The adjoint representation inside the exterior algebra of a simple Lie algebra

TL;DR

This paper investigates the structure of the space of invariants related to the adjoint representation within the exterior algebra of a simple Lie algebra, revealing it as a free module over primitive invariants.

Contribution

It proves that this invariant space forms a free module of specific rank over the algebra generated by primitive invariants, excluding the highest degree one.

Findings

The invariant space is a free module of rank twice the Lie algebra's rank.

It is free over the exterior algebra generated by all primitive invariants except the highest degree.
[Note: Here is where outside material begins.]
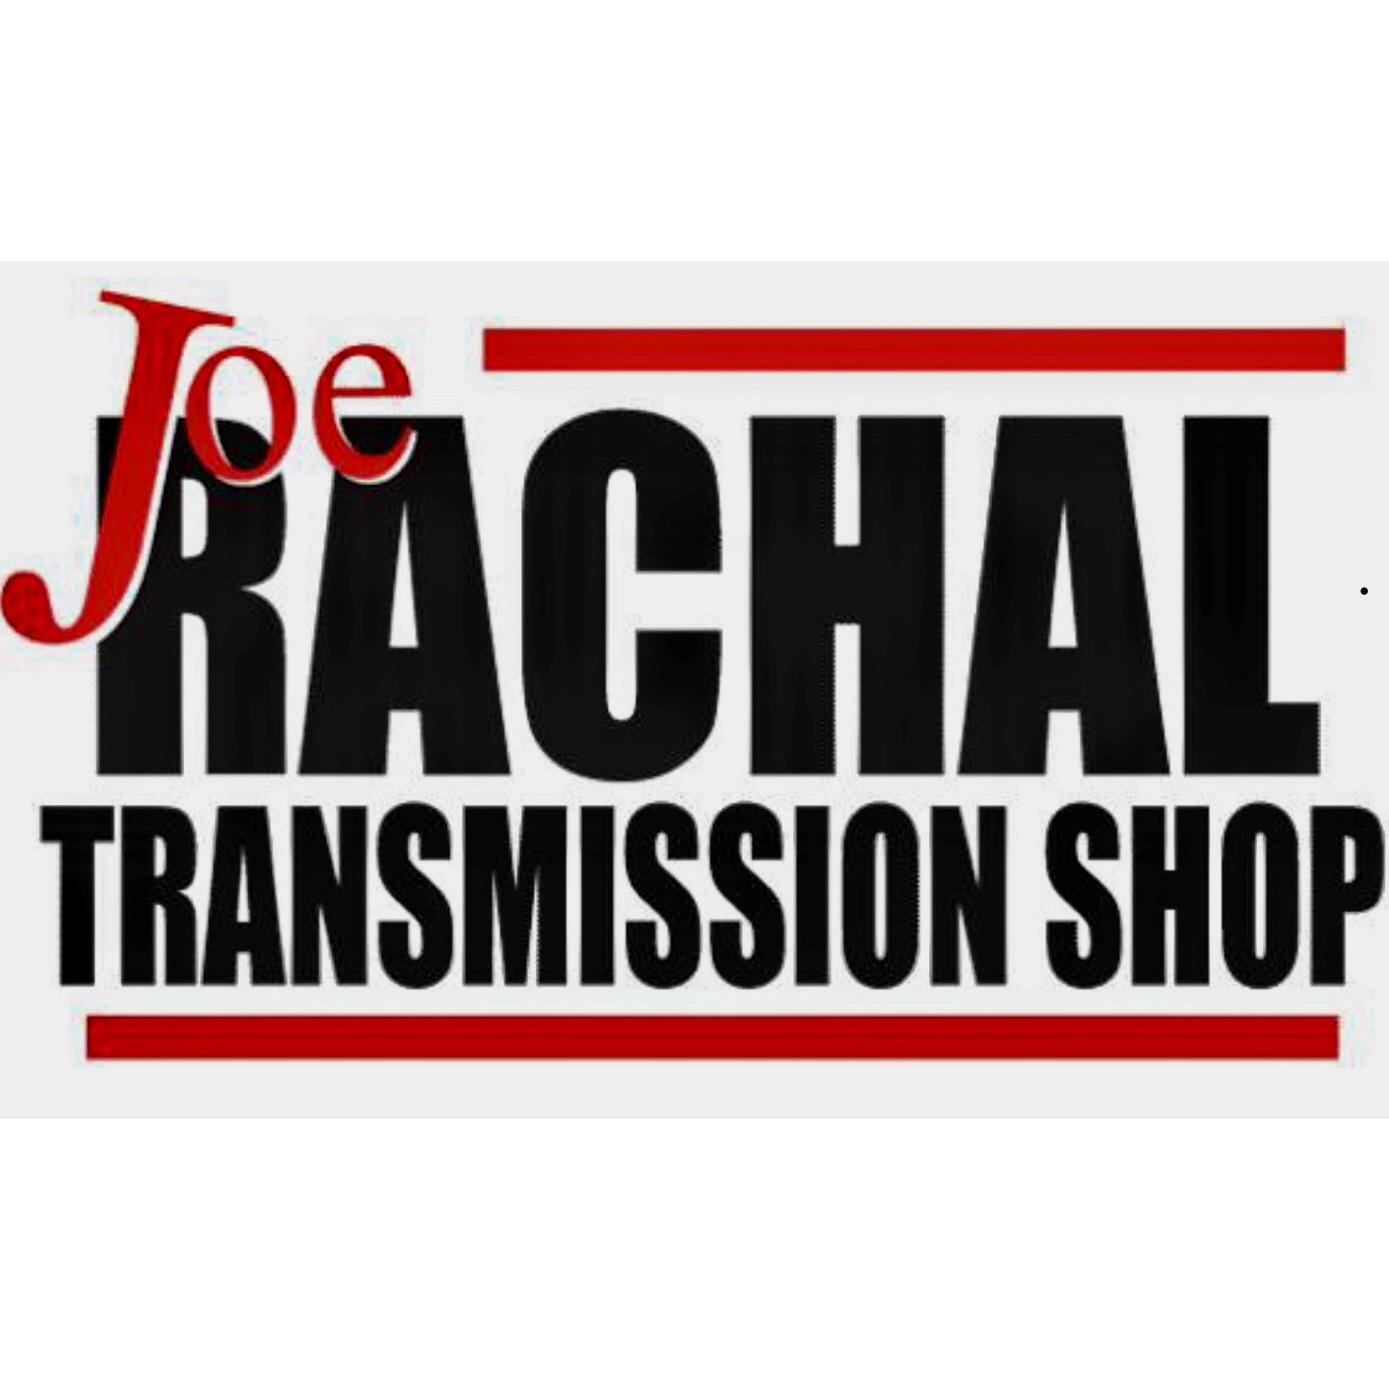 Joe Rachal Transmissions - Shreveport, LA 71103 - (318)226-9005 | ShowMeLocal.com

The result clarifies the module structure of invariants related to the adjoint representation.

Abstract

For a simple complex Lie algebra $\mathfrak g$ we study the space of invariants $A=\left( \bigwedge \mathfrak g^*\otimes\mathfrak g^*\right)^{\mathfrak g}$, (which describes the isotypic component of type $\mathfrak g$ in $ \bigwedge \mathfrak g^*$) as a module over the algebra of invariants $\left(\bigwedge \mathfrak g^*\right)^{\mathfrak g}$. As main result we prove that $A$ is a free module, of rank twice the rank of $\mathfrak g$, over the exterior algebra generated by all primitive invariants in $(\bigwedge \mathfrak g^*)^{\mathfrak g}$, with the exception of the one of highest degree.